In recent years, there has been increasing attention paid to the development of Small Language Models (SLMs) as a more efficient and cost-effective alternative to Large Language Models (LLMs), which are resource-heavy and present operational challenges. In this context, researchers from the Department of Computer Science and Technology at Tsinghua University and Modelbest Inc. have introduced a new model known as MiniCPM.
Despite advancements in SLMs like the Phi series, TinyLlama, MobileLLM, and Gemma, there are still issues with replicating the comprehensive capabilities of LLMs and establishing efficient, scalable training methods. MiniCPM, which includes 1.2 billion and 2.4 billion non-embedding parameter variants, is designed to address these challenges. It achieves performance levels comparable to 7-13 billion parameter LLMs while placing a focus on the development of SLMs.

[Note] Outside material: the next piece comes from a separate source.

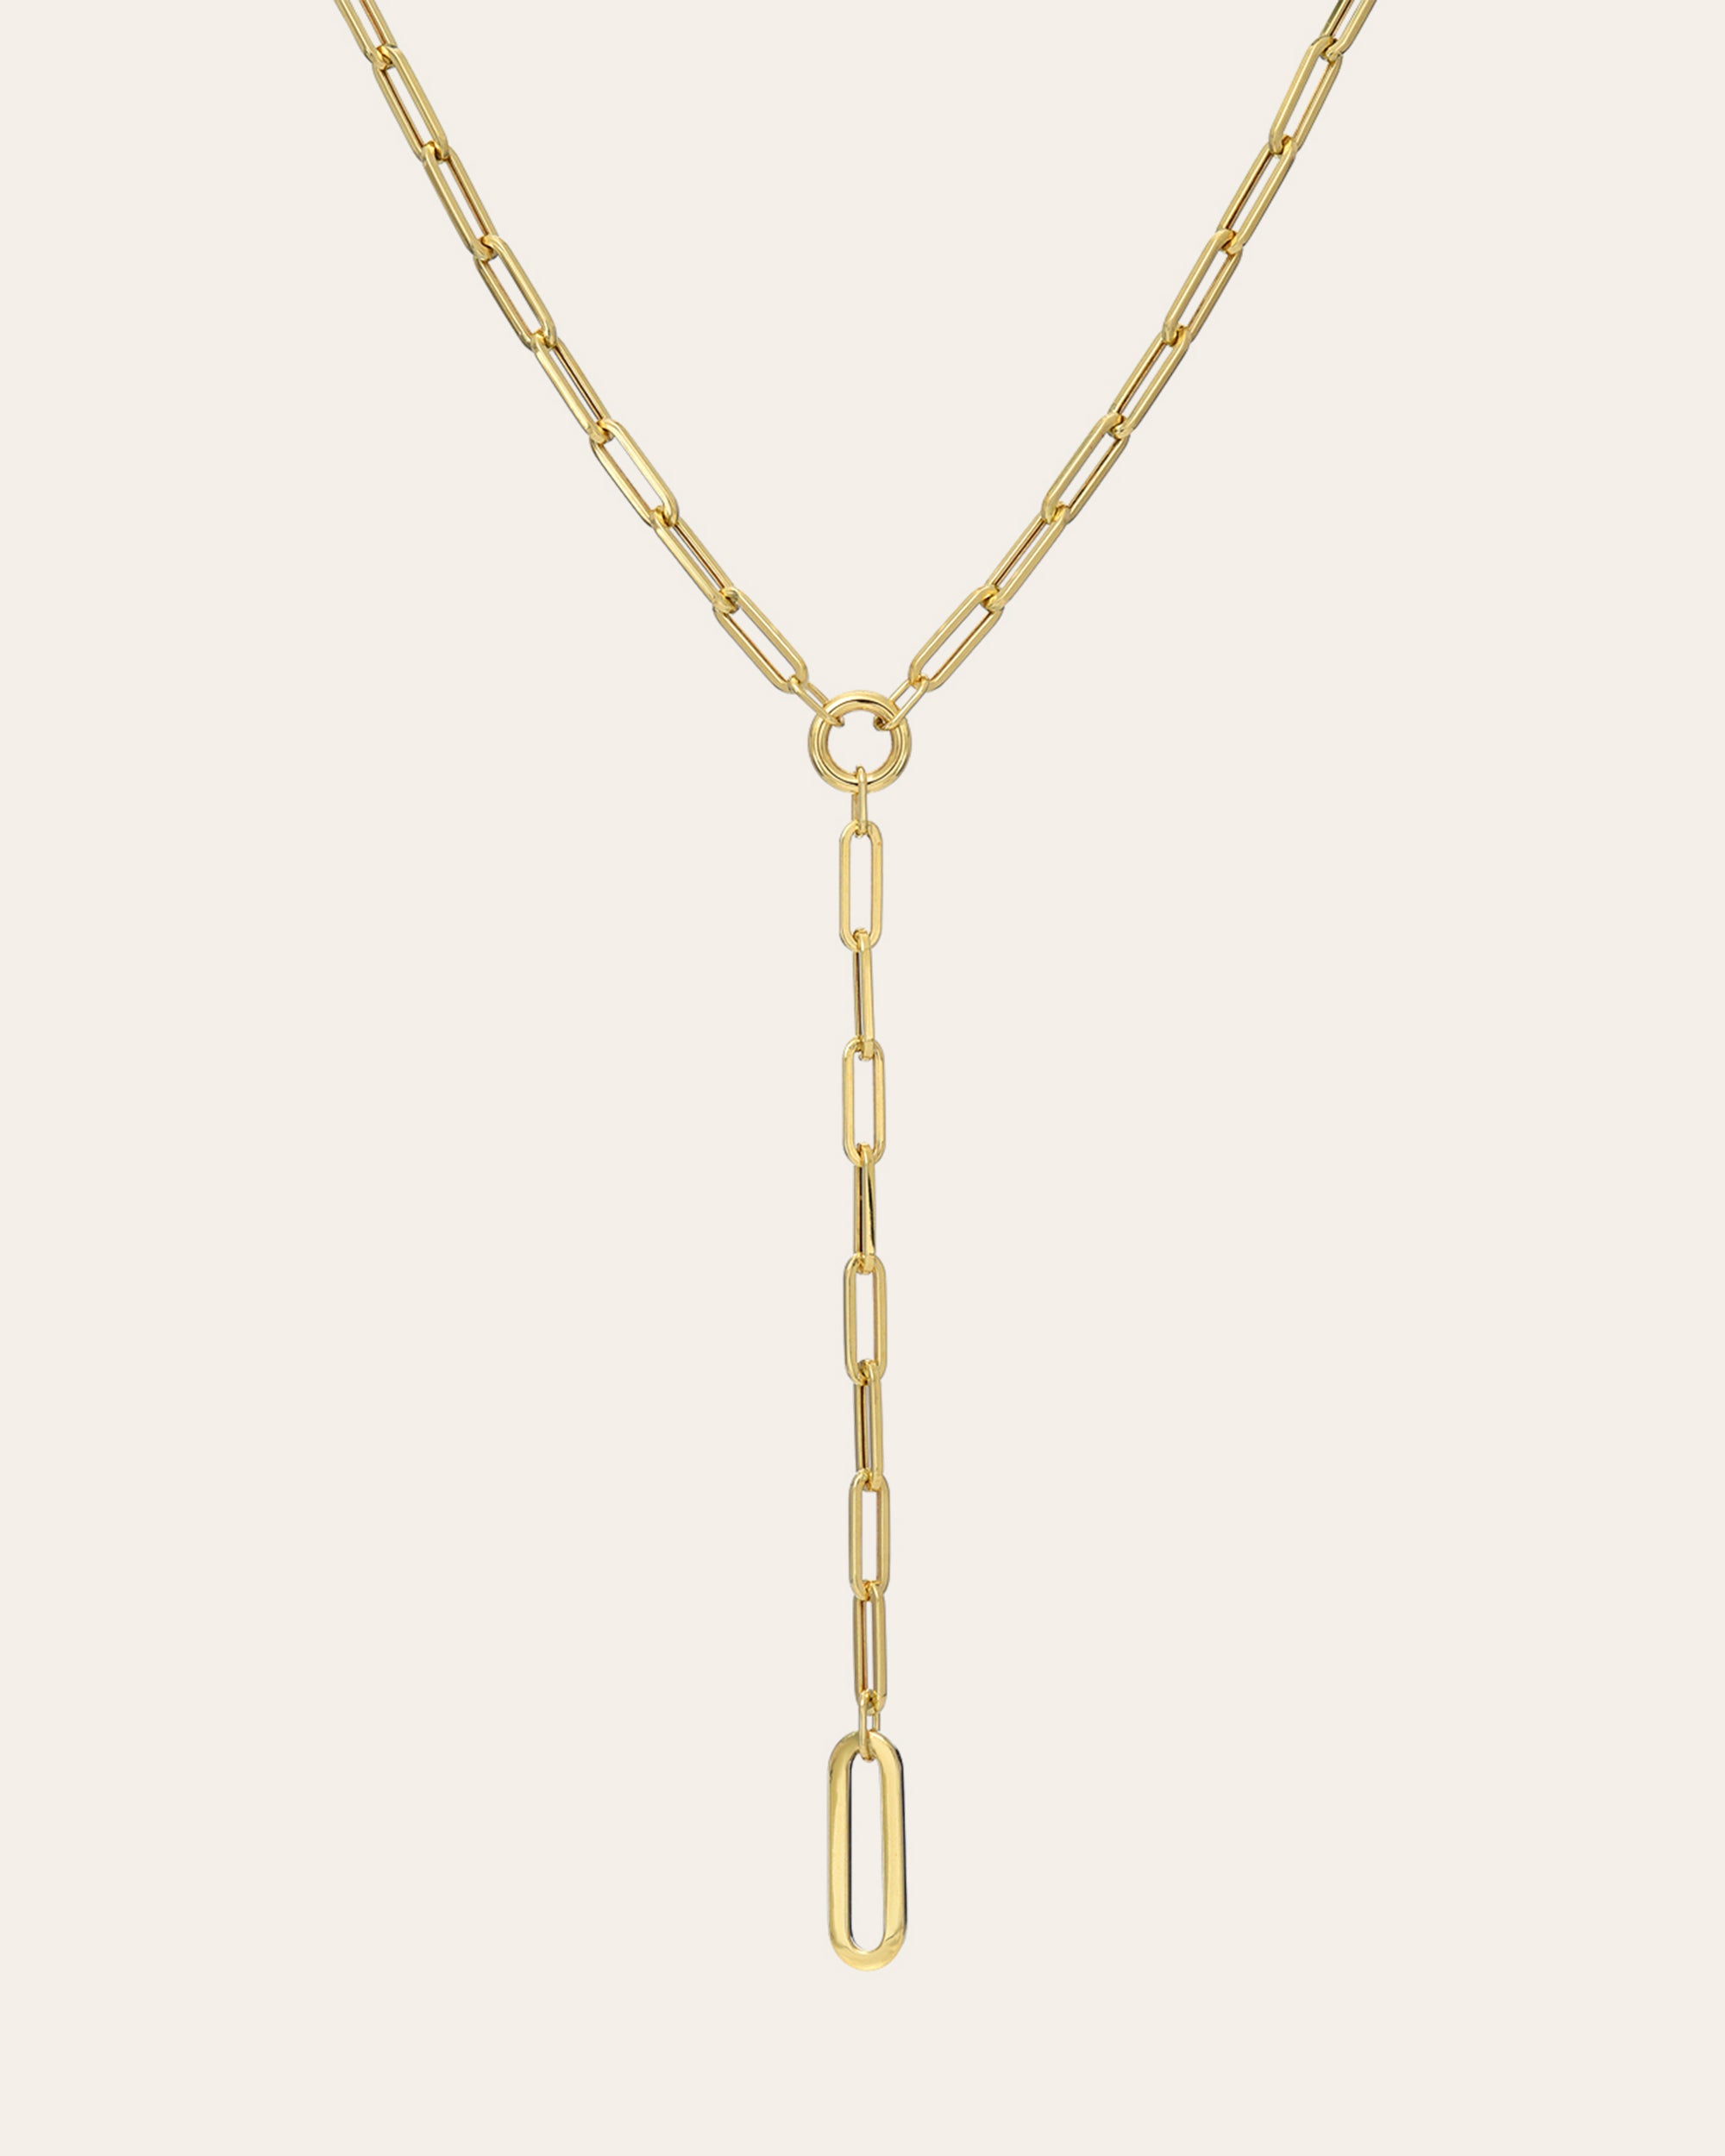 Corocraft Bezel Set glass Gold plat Chain Link Necklace . Long Length  Sautoir E

Alongside its scalable approach to both model and data dimensions, MiniCPM also utilizes a novel technique known as the Warmup-Stable-Decay (WSD) learning rate scheduler. This facilitates continuous training and domain adaptation, contributing to a more efficient understanding of the data-model scaling law. Variants of MiniCPM, including MiniCPM-DPO, MiniCPM-MoE, and MiniCPM-128K, have also been introduced.
A key part of MiniCPM’s approach is the use of the Cosine Learning Rate Scheduler (LRS), used to adjust learning rates during training. Although complex, its process allows it to find global and local optima efficiently and effectively.
Analyzing the performance of MiniCPM-2.4B found that it generally outperformed Mistral-7B-v0.1 in Chinese language tasks and achieved similar outcomes in English. It also surpassed Llama2-13B in most areas, with the exception of Model-Based Machine Learning (MMLU), Bridging the Gap between Human and Machine Commonsense Reading Comprehension (BBH), and Hyperspace Analogue to Language Scoring Model (HellaSwag). Interestingly, researchers noted that BBH, a knowledge-oriented dataset, seems to prove more difficult for SLMs than LLMs, implying that reasoning ability is more reliant on model size than knowledge.
In conclusion, this research paper represents a significant development in the study of SLMs. The scalable approach to training methods taken by MiniCPM demonstrates their potential not just as a more efficient alternative to LLMs, but also a viable tool for enhancing the ability of larger models. The WSD scheduler, in particular, shows promise for future LLM development, and the researchers plan to further enhance MiniCPM through scaling in both model and data size. To fully understand its benefits and the potential it holds for the future of AI, the researchers plan to further analyze the decrease in loss during the decay stage of the WSD scheduler’s operation.